I mentioned contextual learning earlier, which may be the last part of non-Bittensor information I will introduce, but contextual learning is a broadly defined process used to guide language models to achieve more desirable outputs. Reasoning is the process that models continuously undergo when evaluating inputs, and the training results may affect the accuracy of output labels. While training is costly, it only occurs when the model is ready to reach the training level specified by the team during the model creation process. Reasoning is always happening and utilizes various additional services to facilitate the reasoning process.

Current State of Bittensor

With the background knowledge established, I will explore some details regarding the performance of Bittensor sub-networks, current capabilities, and future plans. To be honest, it is challenging to find high-quality articles on this topic. Fortunately, some members of the Bittensor community sent me information, but even so, forming an opinion requires a lot of work. I lurked in their Discord looking for answers, during which I realized that I had been a member for about a month but had not checked any channels (I never use Discord, preferring Telegram and Slack).

In any case, I decided to see what Bittensor's original vision was, and I found the following in previous reports:

I will introduce it in the next few paragraphs, but the theory of composability does not hold. There has been some research on this topic, and the previous screenshot comes from the same report that defines the Bittensor network as a sparse mixture model (a concept proposed in a 2017 research paper).
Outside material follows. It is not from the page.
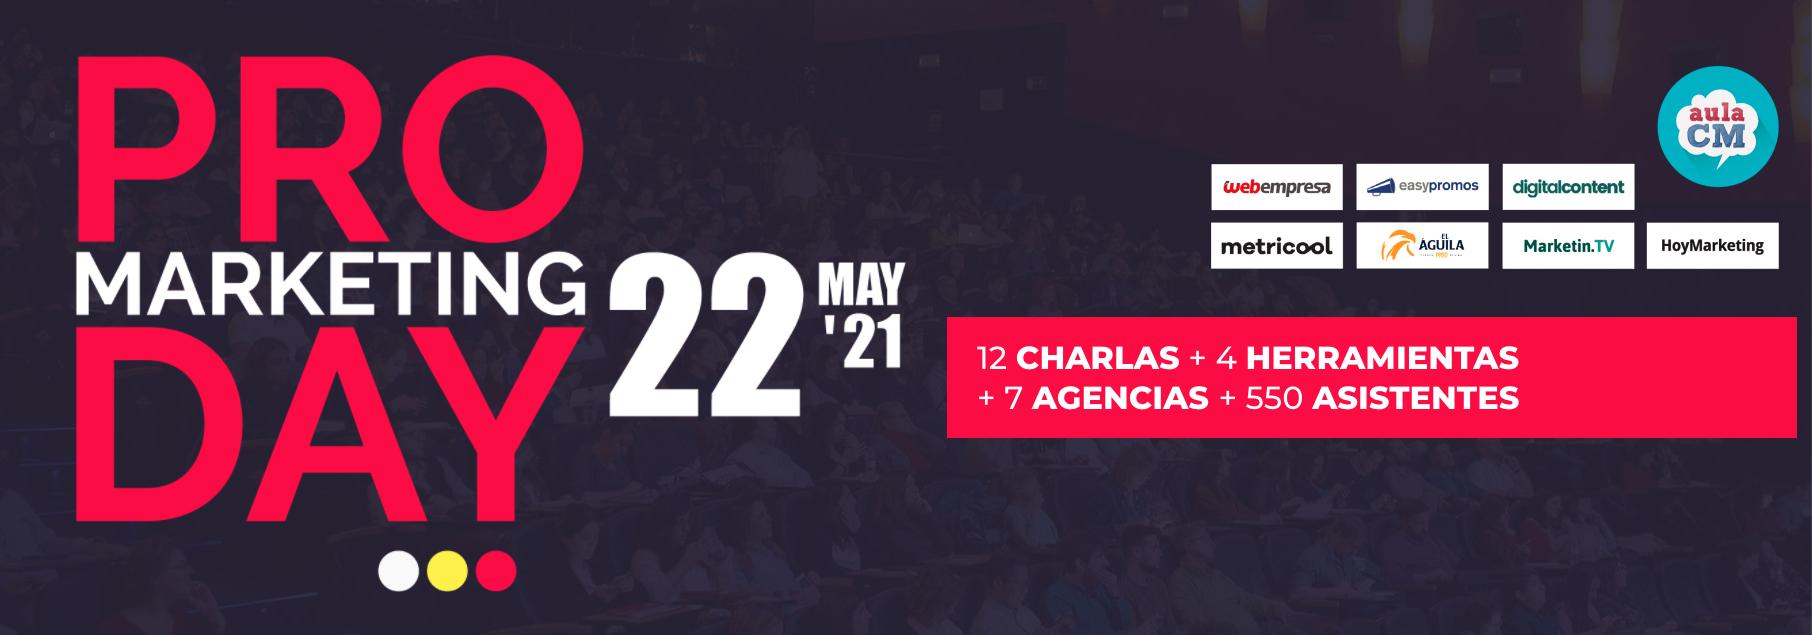 eventos marketing 2021 Pro-Marketing Day

Bittensor has many sub-networks, enough for me to feel it necessary to dedicate an entire section in this report to them. Whether you believe it or not, despite their critical importance to the network's practicality and supporting all technologies, there is no dedicated section on Bittensor's website to introduce these and how they operate. I even asked on Twitter, but it seems that the mysteries of sub-networks can only be understood by those who hang out in Discord for hours and learn about each sub-network's operations on their own. Despite the daunting task ahead of me, I still did some work.

Sub-network 1 (commonly abbreviated as sn1) is the largest sub-network in the Bittensor network, responsible for text generation services. Among the top 10 validators in sn1 (I used the same top 10 ranking for other sub-networks), there are about 4 million TAO staked, followed by sn5 (responsible for image generation), which has about 3.85 million TAO staked. By the way, all this data can be found on TaoStats.
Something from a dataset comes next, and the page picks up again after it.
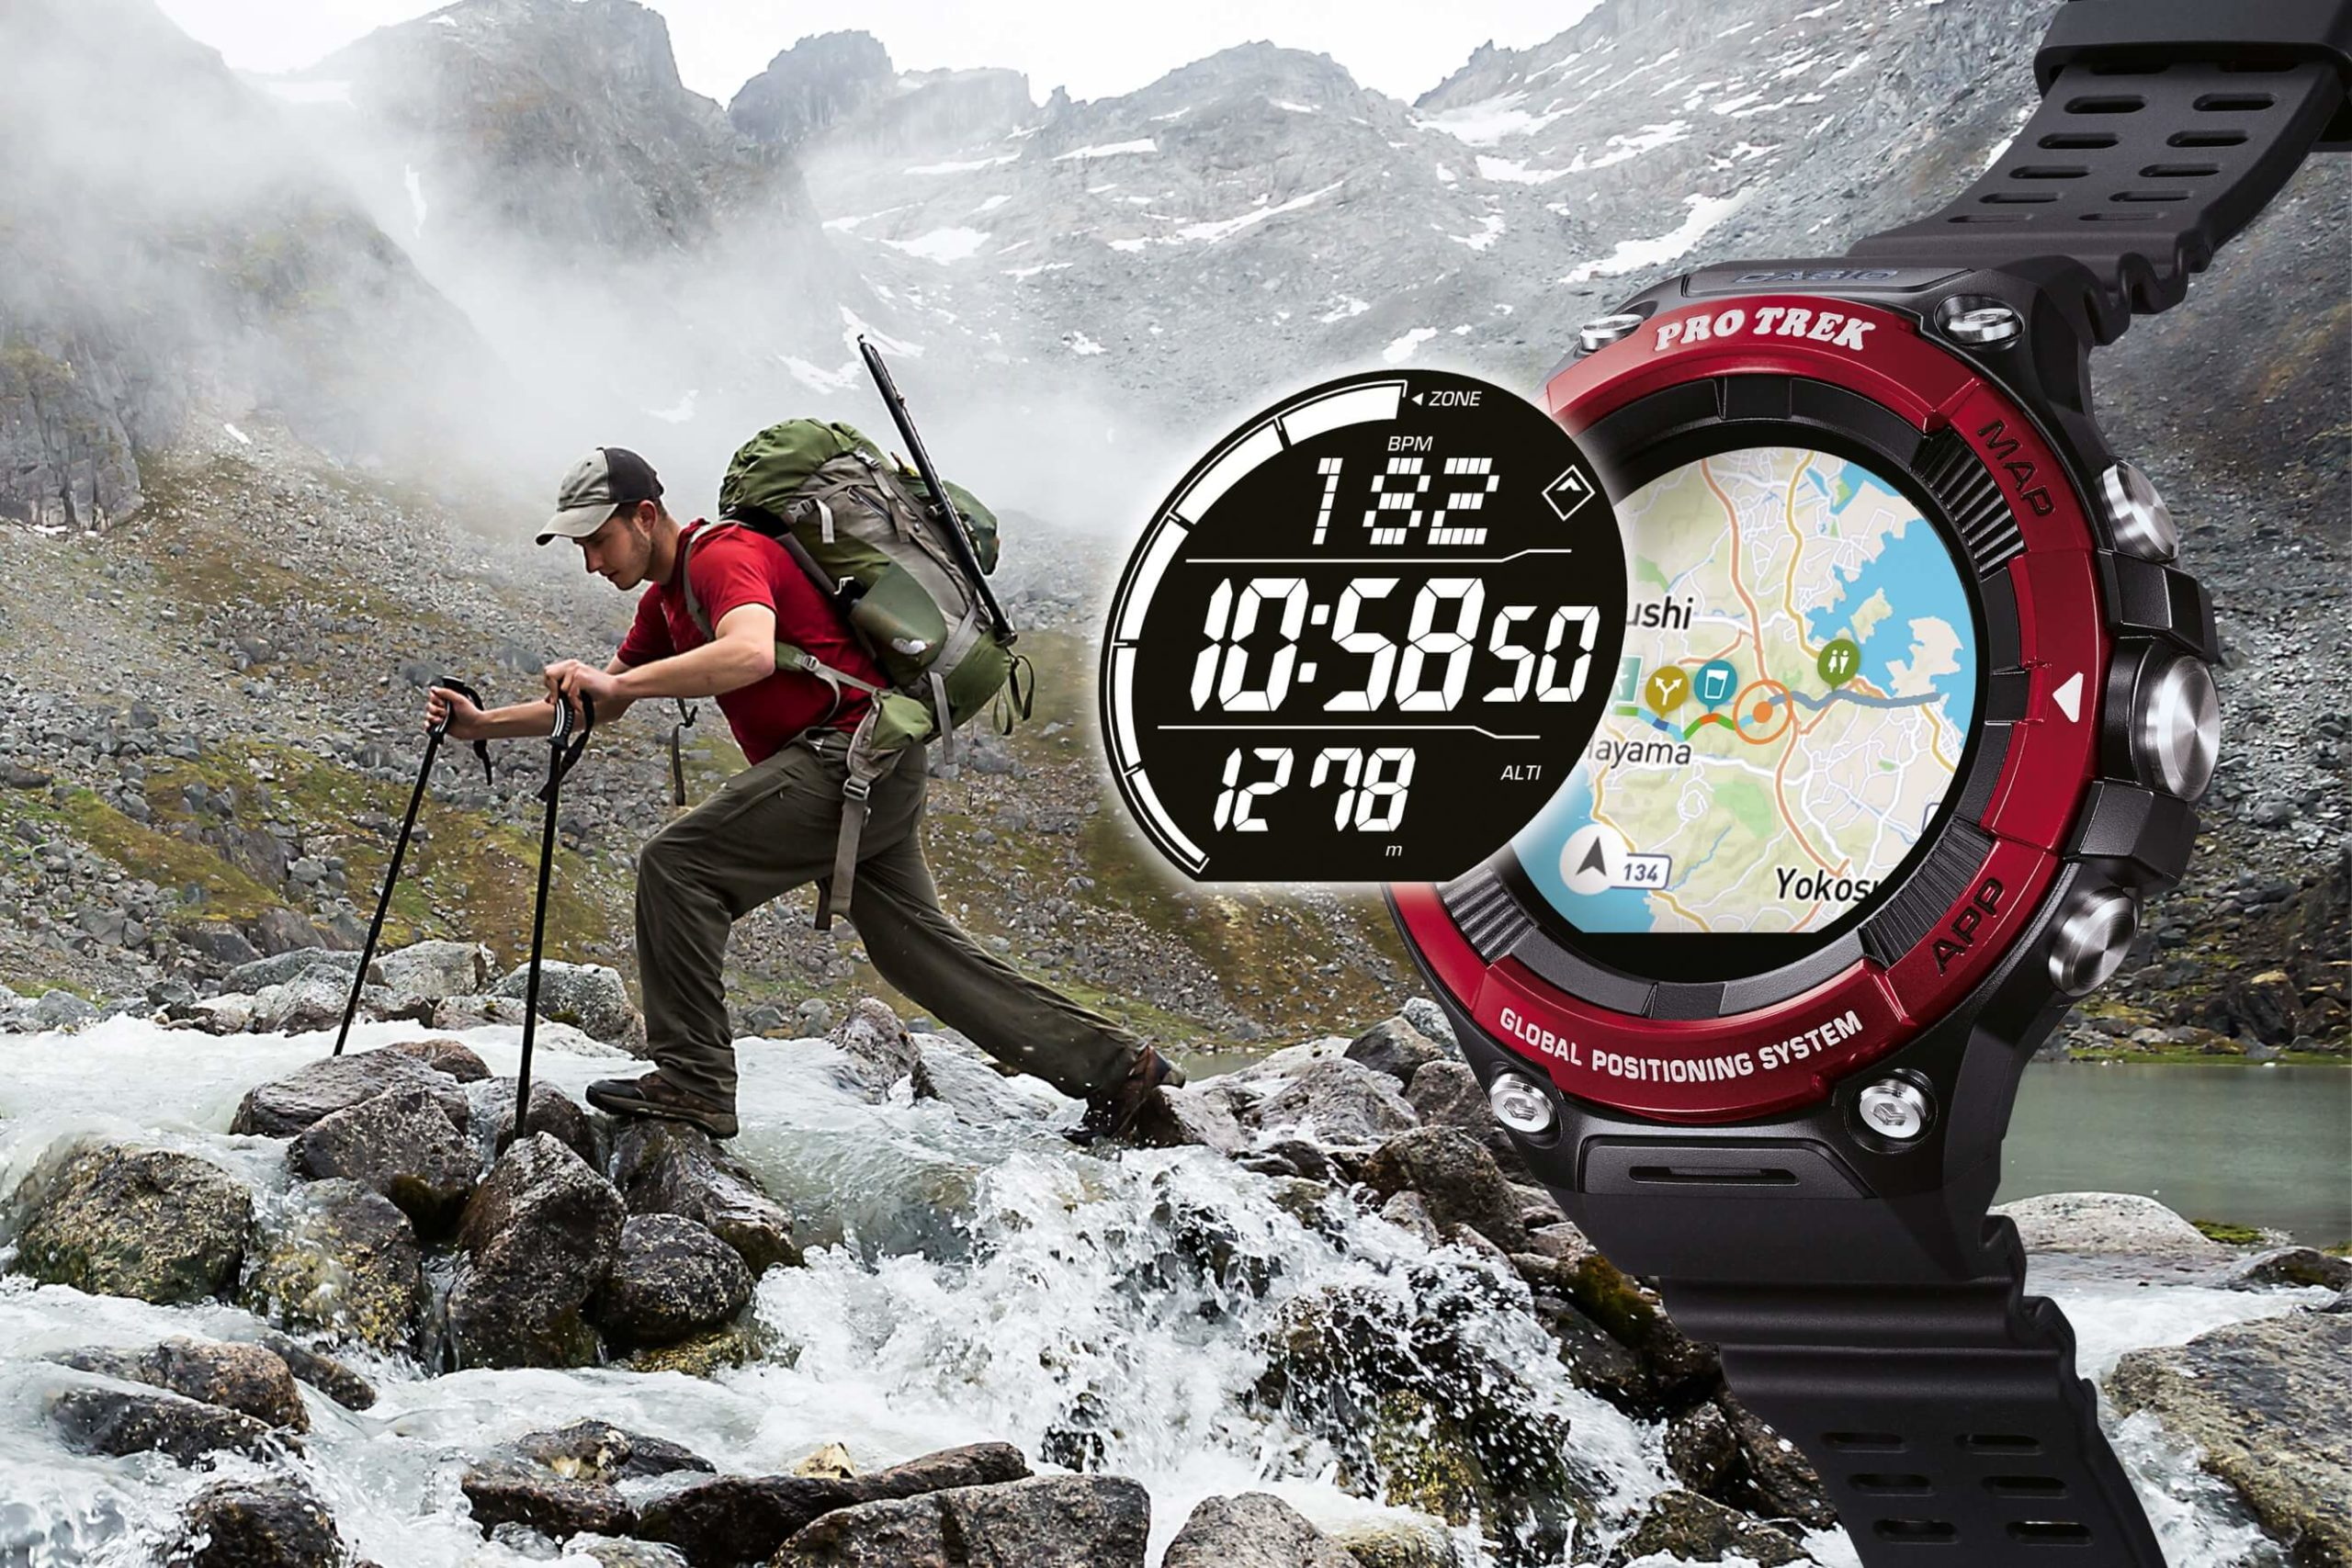 Tested by CAMPZ - Casio Pro Trek Smartwatch

The multimodal sub-network (sn4) has about 3.4 million TAO, sn3 (data scraping) has about 3.4 million TAO, and sn2 (multimodal) has about 3.7 million TAO. Another rapidly growing sub-network is sn11, responsible for text training, with a TAO staked amount similar to that of sn1.

In terms of miner and validator activity, sn1 is also the absolute leader, with over 40/128 active validators and 991/1024 active miners. Sn11 actually has the most miners of all sub-networks, with 2017/2048. The following chart describes the registration costs of sub-networks over the past month and a half:

Currently, the cost to register a sub-network is 182.12 TAO, a significant drop from the peak of 7,800 TAO in October, although I am not entirely sure if this number is accurate. In any case, with over 22 registered sub-networks and Bittensor gaining increasing attention, we are likely to see more sub-networks registered in due time. Some of these sub-networks seem to take a while to gain traction.

Regarding other sub-networks, sn9 is a cool sub-network specifically for training:

Here is a description of the Bittensor scraping sub-network:

The sub-network models are very unique, exemplifying a common technique in machine learning research known as mixture of experts (MoE), where models are divided into multiple parts and provided with individual labels instead of being assigned an entire task. This is interesting to me because Bittensor is not a unified model; it is actually a network of models that query in a semi-random manner. BitAPI is an example of this process, a product built on sn1 that randomly samples the top 10 miners for inbound user queries. While there may be dozens or even hundreds of miners in any given sub-network, the best-performing models receive more rewards.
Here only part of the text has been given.